Korona virüs belasından kurtulmak için, bizim ve tüm dünyanın çektiği sıkıntıları görüyorsunuz.
Sözünü ettiğimiz bir virüse karşı aşı geliştirme peşinde uluslar. Amerika, Rusya, Çin ve Almanya, istenen aşıyı buldu. Bilim adamlarının süzgecinden de geçti.
Biz de Çin ile anlaştık. Aşı henüz gelmedi, siz bu yazıyı okuyuncaya kadar belki gelmiş olur.
Büyük Atatürk, 1930’lu yılarda, Refik Saydam’ın öncülüğünde, Türkiye’yi kasıp kavuran; Sıtma, Verem, Kolera, Çiçek, Kızamık, Kızılcık gibi hastalıklarının aşılarını bulmak için Hıfzıssıhha Enstitüsünü kurdurmuştu. O yıllardan sonra sözünü ettiğimiz hastalıklar ortadan kalktı.
Aradan 100 yıla yakın bir süre geçti. Biz Korona Virüs aşısını bulmak için uğraşıp duruyoruz.
Ülkeyi yönetenlerin marifetlerinden biri de, 1930’larda kurulan bu enstitüyü kapatmak oldu.
Niye?
Atatürk kurdurduğu için.
Kapattığınız Enstitünün yerine yenisini koyup, sonra kapatamaz mıydınız?
Yenisini yapmaya akılları ermedi.
İşlediğim bu konuyla bağlantı kurmak için çok farklı bir olayı aktarmak istiyorum.
Yıl 1954 seçimlerinin arifesi. Trabzon’dayız. Düzenlenen mitingleri izliyoruz. Önce Demokrat Parti hatipleri konuştu. Konuşmacılar; Başbakan Adnan Menderes, TBMM Başkanı Refik Koraltan ve diğerleri. CHP’ye ağır ithamlarda bulundular. 1923’le 1950 arasından geçen 27 yılda ülkeye hiçbir hizmet yapılmadığını söylediler. Oysa o dönemde kendileri de hükümetteydi. Celal Bayar Başbakanlık, Bakanlık yaptı. Adnan Menderes, CHP Milletvekili ve parti müfettişliği görevlerinde bulunmuştu.
Sonra, CHP’li hatipler kürsüye geldi.

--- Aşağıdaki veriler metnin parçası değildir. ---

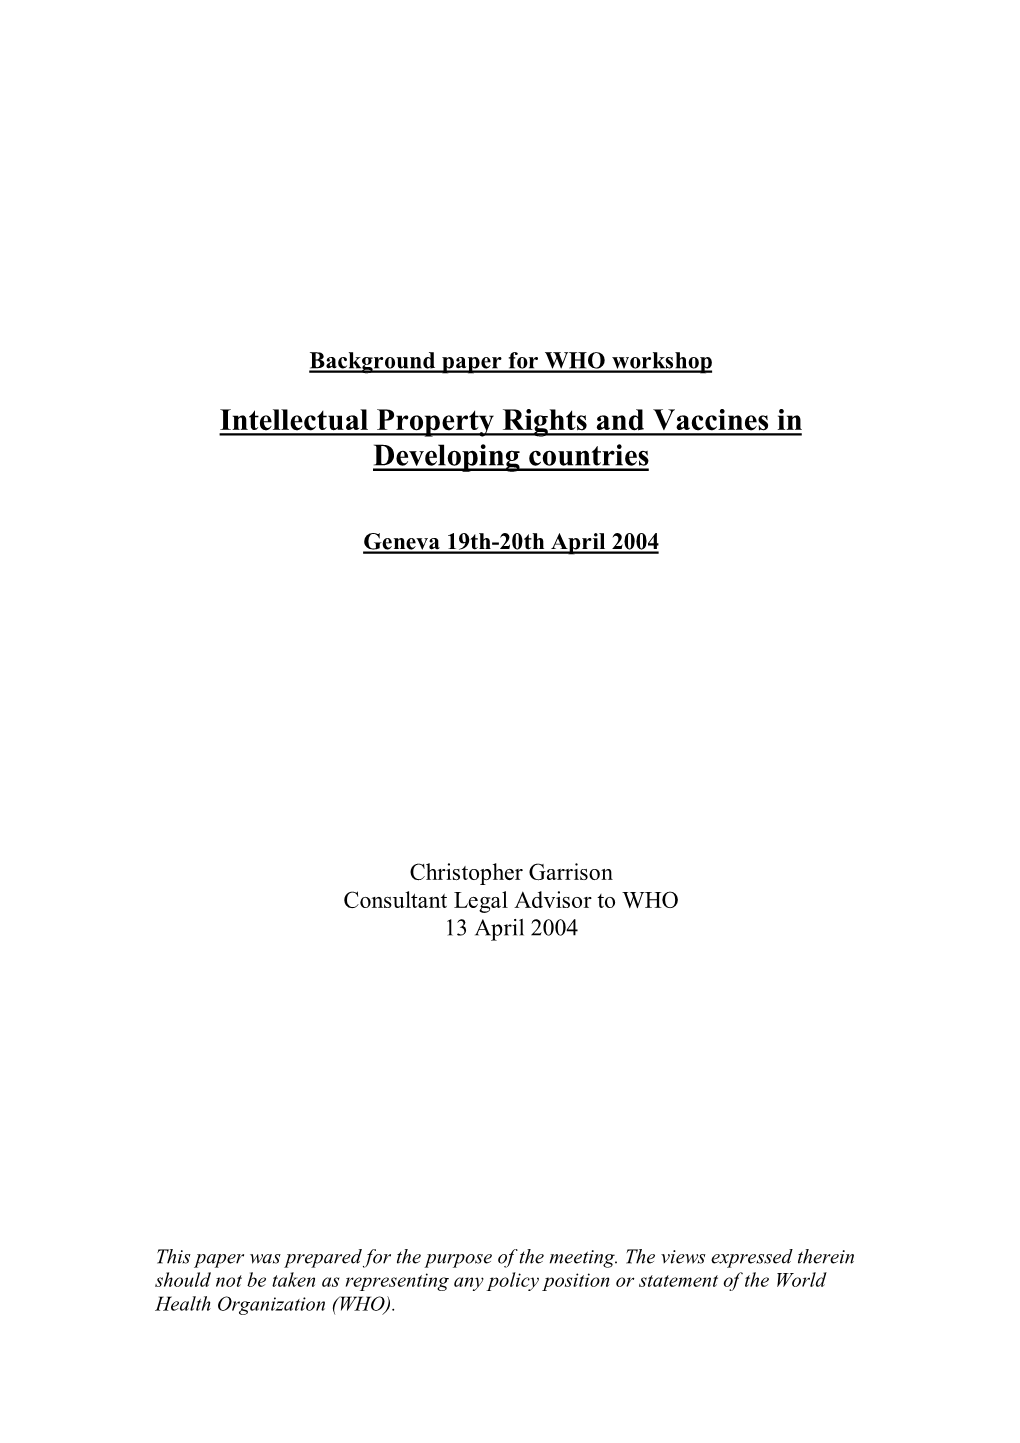 Intellectual Property Rights and Vaccines in Developing Countries

Bunlar da; Faik Ahmet Barutça, Cemal Reşit Eyüboğlu ve diğerleriydi.
Şimdi, yazının baş tarafı ile bağlantı kurduğum yere geliyorum.
Faik Ahmet Barutçu dedi ki; “Sizin döneminizde şu, şu yatırımlar yapıldı. Sizin gibi inkâr etmiyoruz. Allah razı olsun diyoruz. Ama 1923’de 1950’ye kadar da yapılan fabrikaları, tesisleri, hizmetleri görmezden gelemezsiniz.”
Ak Parti döneminde bir şey yapılmadı mı? Çok şey yapıldı. Kendi dönemlerinden önce de yapılanları birer, birer satılar. Hiç olmazsa, sattıklarını yapanları hayırla yâd etsinler ve satıyorlarsa sattılar.
1950-1960 döneminde de, Demirel, Ecevit, Erbakan, Özal dönemlerinde de çok hizmetler yapıldı, çok eserler kazandırıldı bu ülkeye. Niye inkâr edelim.
Eğer, sık sık kötüledikleri 1950 öncesi dönemlerde (Atatürk döneminde) yapılanlar dursaydı ve günümüzde de onlara yenileri eklenseydi. Asgari ücreti 3 bin liranın üstüne çıkarmamak için bu kadar çaba harcanmaz, korona virüs aşısı bulmak için de aylarca uğraşmazdık.
Geçmişi inkâr ederek, kötüleyerek bir yere varamayız.